Keine Berufserlaubnis als Logopäde nach Kindesmissbrauch

Die Berufserlaubnis als Logopäde – oder genauer: die Erlaubnis zum Führen der Berufsbezeichnung „Logopäde“ – kann wegen sexuellen Missbrauchs eines Kindes widerrufen werden.

Keine Berufserlaubnis als Logopäde nach Kindesmissbrauch

Dies entschied heute das Bundesverwaltungsgericht in Leipzig in dem Fall eines Logopäden aus dem Kreis Düren:

Das Amtsgericht hatte den Logopäden wegen sexuellen Missbrauchs eines 5-jährigen Mädchens, einer Patientin, in seinen Praxisräumen zu einer Freiheitsstrafe von 1 Jahr und 3 Monaten verurteilt und ihm für die Dauer von 3 Jahren verboten, Kinder und Jugendliche unter 16 Jahren weiblichen Geschlechts zu behandeln. Aufgrund des Strafurteils widerrief der Landrat des Kreises Düren die Erlaubnis des Klägers zum Führen der Berufsbezeichnung „Logopäde“ wegen Unzuverlässigkeit.

Die dagegen geführte Klage hat in der Berufungsinstanz vor dem Oberverwaltungsgericht für das Land Nordrhein-Westfalen in Münster teilweise Erfolg gehabt1. Das OVG Münster hat den Widerruf aufgehoben, soweit es die Behandlung männlicher Patienten betrifft.
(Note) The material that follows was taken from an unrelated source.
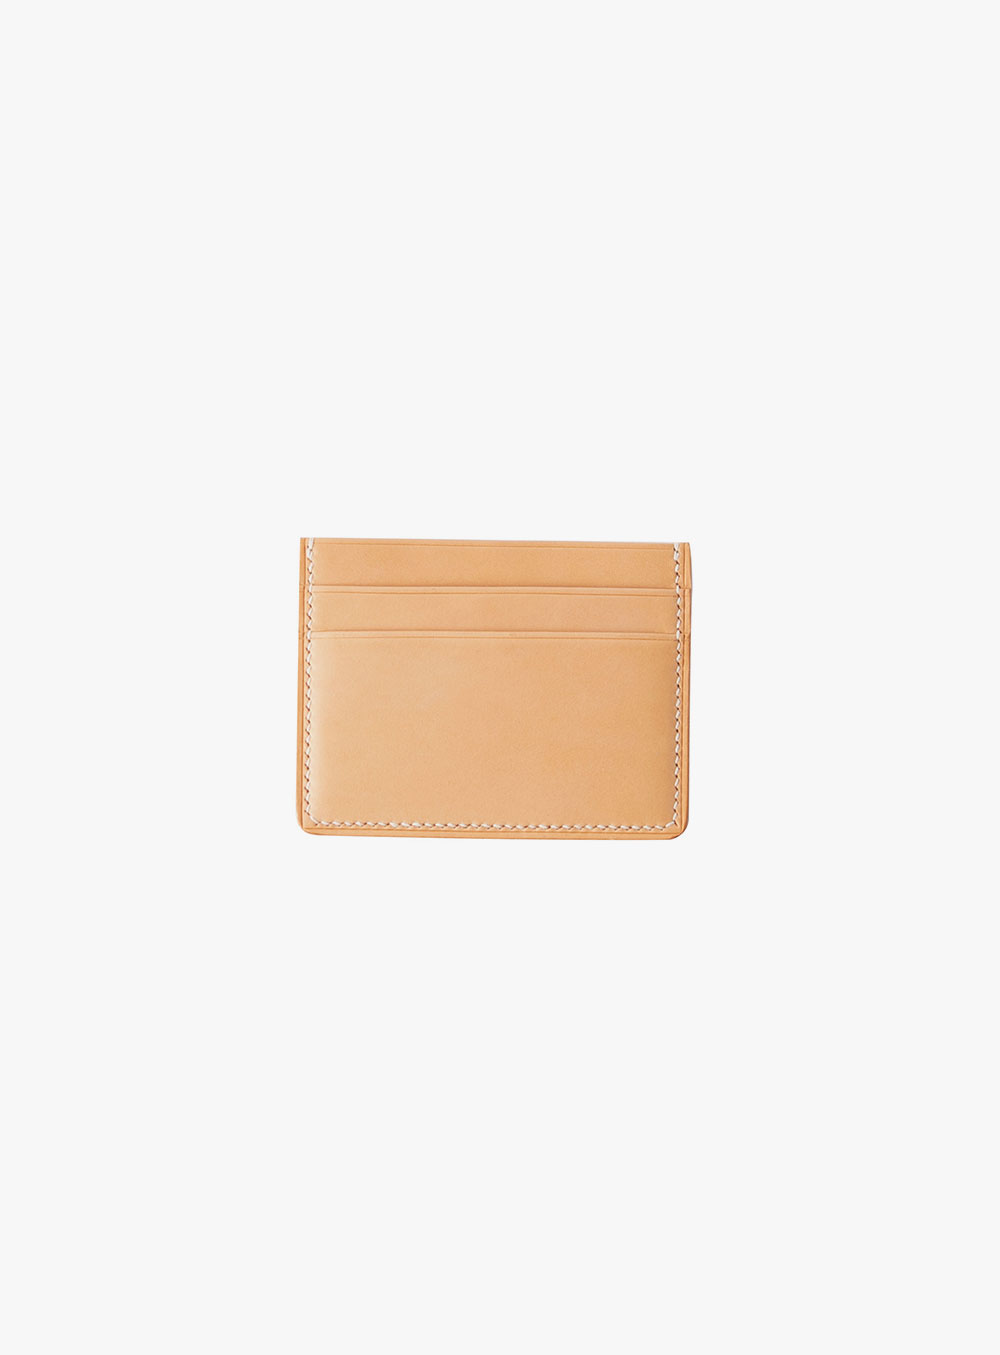 오디너리굿즈 - OG wallet01 - natural

Das Verhalten des Klägers begründe zwar seine Unzuverlässigkeit zur Ausübung des Berufs, so das OVG Münster, der Grundsatz der Verhältnismäßigkeit gebiete aber, in diesem Fall eine Behandlung von männlichen Patienten weiterhin zu ermöglichen. Zur Risikoverminderung sei es nach sachverständiger Einschätzung ausreichend, weibliche Patienten von der Behandlung durch den Kläger auszuschließen.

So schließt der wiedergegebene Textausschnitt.